Ruairi Quinn: Michael Noonan has a tougher job than Michael Collins...

The Education Minister warns secondary school teachers that budgets are tight as the State’s first Finance Minister Collins had “more room for manouevre” than his most recent successor.

EDUCATION MINISTER RUAIRI Quinn has been following up with yesterday’s “frank” speech to national school teachers with a similarly forthright address to a secondary school teachers’ union.

Quinn, pushing home the point that resources will continue to be tight, claimed that “Michael Collins, the State’s first Minister for Finance, had in 1922, more room for manoeuvre than Michael Noonan has today”.

He told delegates at the ASTI convention that the “challenges” facing the economy and the “further difficult measures” that the government needs to take are unavoidable.
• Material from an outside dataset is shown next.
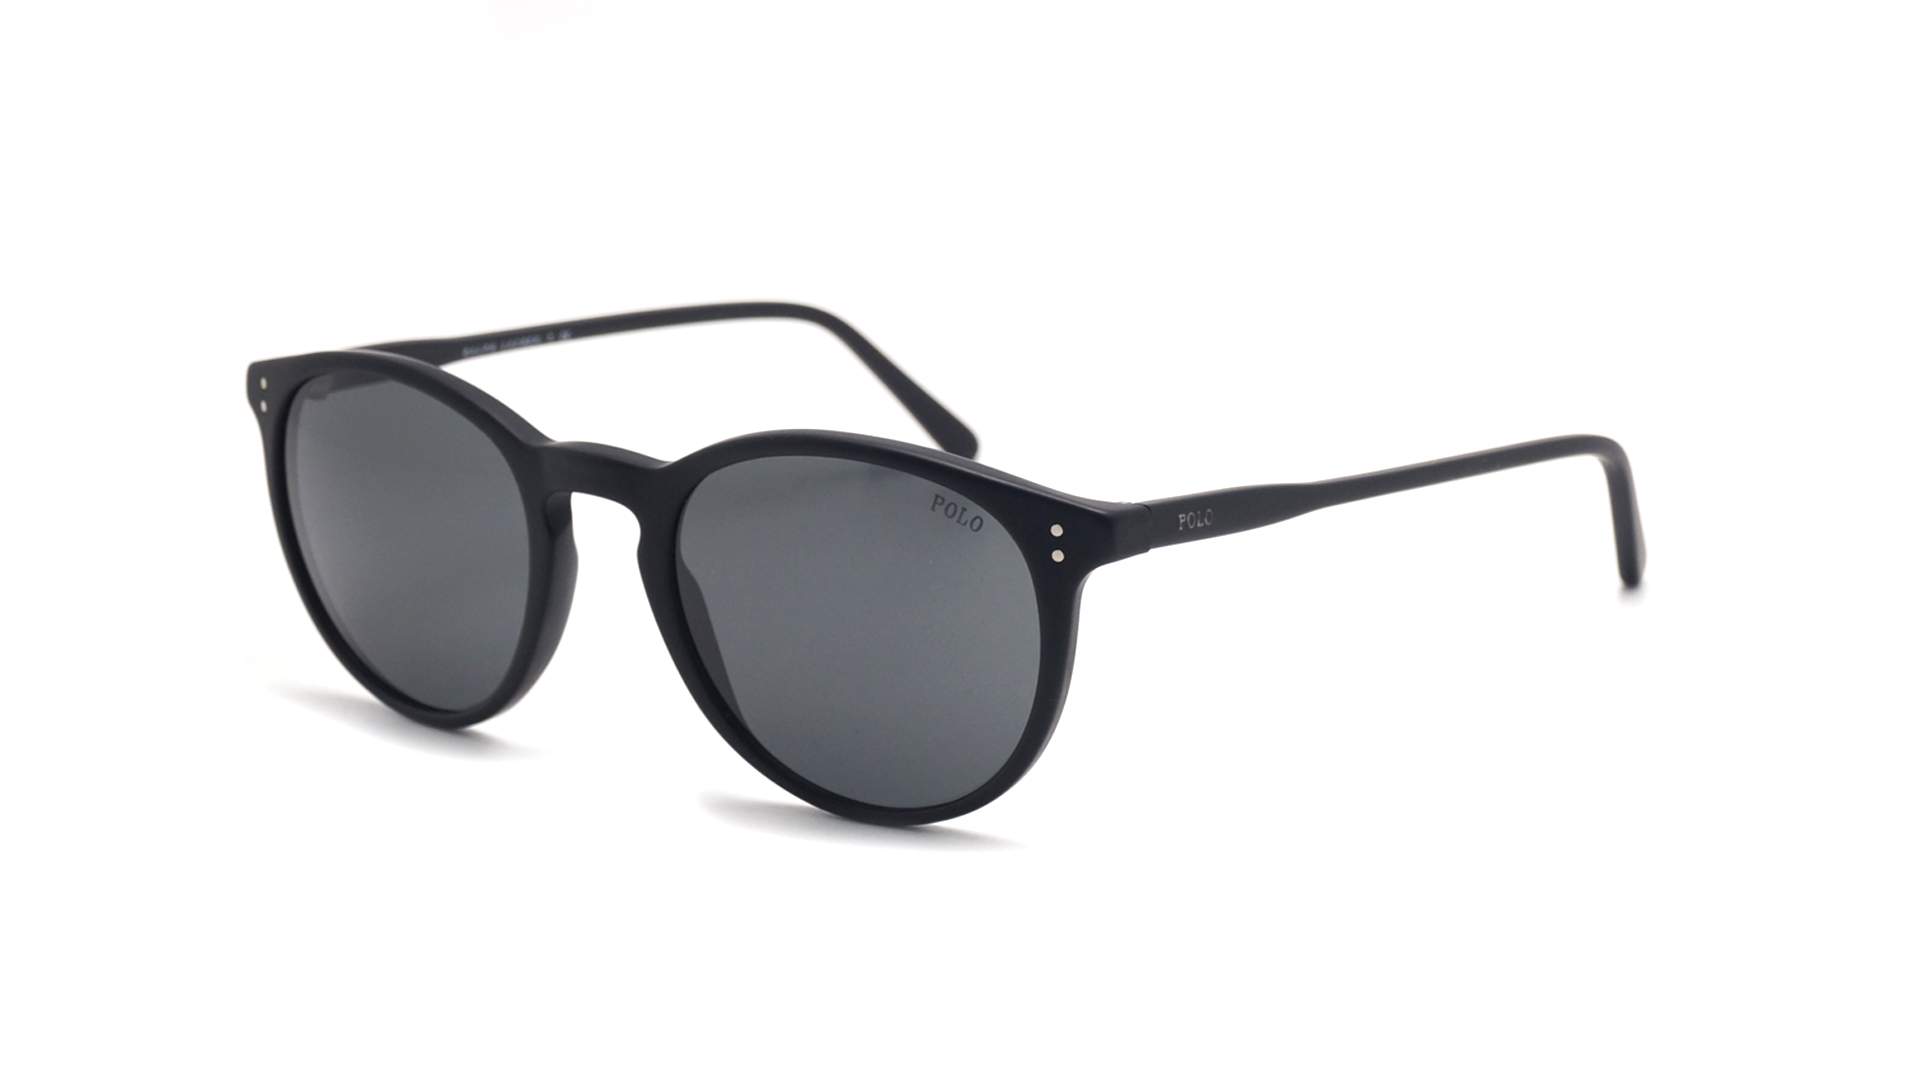 polo sunglasses ph4110

He said:

We all have to come to terms with the extent to which our reliance on EU/IMF funding means that we operate without economic sovereignty.

He said the country was “akin to being in receivership” and that it would be some time before the Government could return to making “unfettered decisions”.

In a clear statement that teachers who supervise extracurricular activities on their own time can not expect to be paid for the extra work, he said that there was a “tradition of volunteerism” among secondary teachers, and described it as “one of the strengths of the education system”.

Quinn warned that teachers who have held fixed-term contracts up to now will face “increased uncertainty for the year ahead”. He said:

We will need to redeploy teachers into positions that traditionally have been filled by teachers on fixed-term contracts in order to deliver on the commitment in relation to no redundancy for those in permanent positions or who have acquired a C.I.D. (Contract of Indefinite Duration).

The issue of reform of the Junior Certificate was also on the curriculum with Quinn claiming that the current one was not meeting the needs of students. Some of his ideas for changing the course include:

  • Reducing the number of subjects studied to Junior Cert level;
  • Not making the Junior Cert exams at the end of third year the main form of student assessment;
  • Introducing standardised tests of literacy and numeracy to ensure all students acquire these basic skills.

The changes in the Junior Certificate will not be copperfastened until the National Council for Curriculum and Assessment (NCCA) delivers its report following a national consultation on reform of the cycle later this year.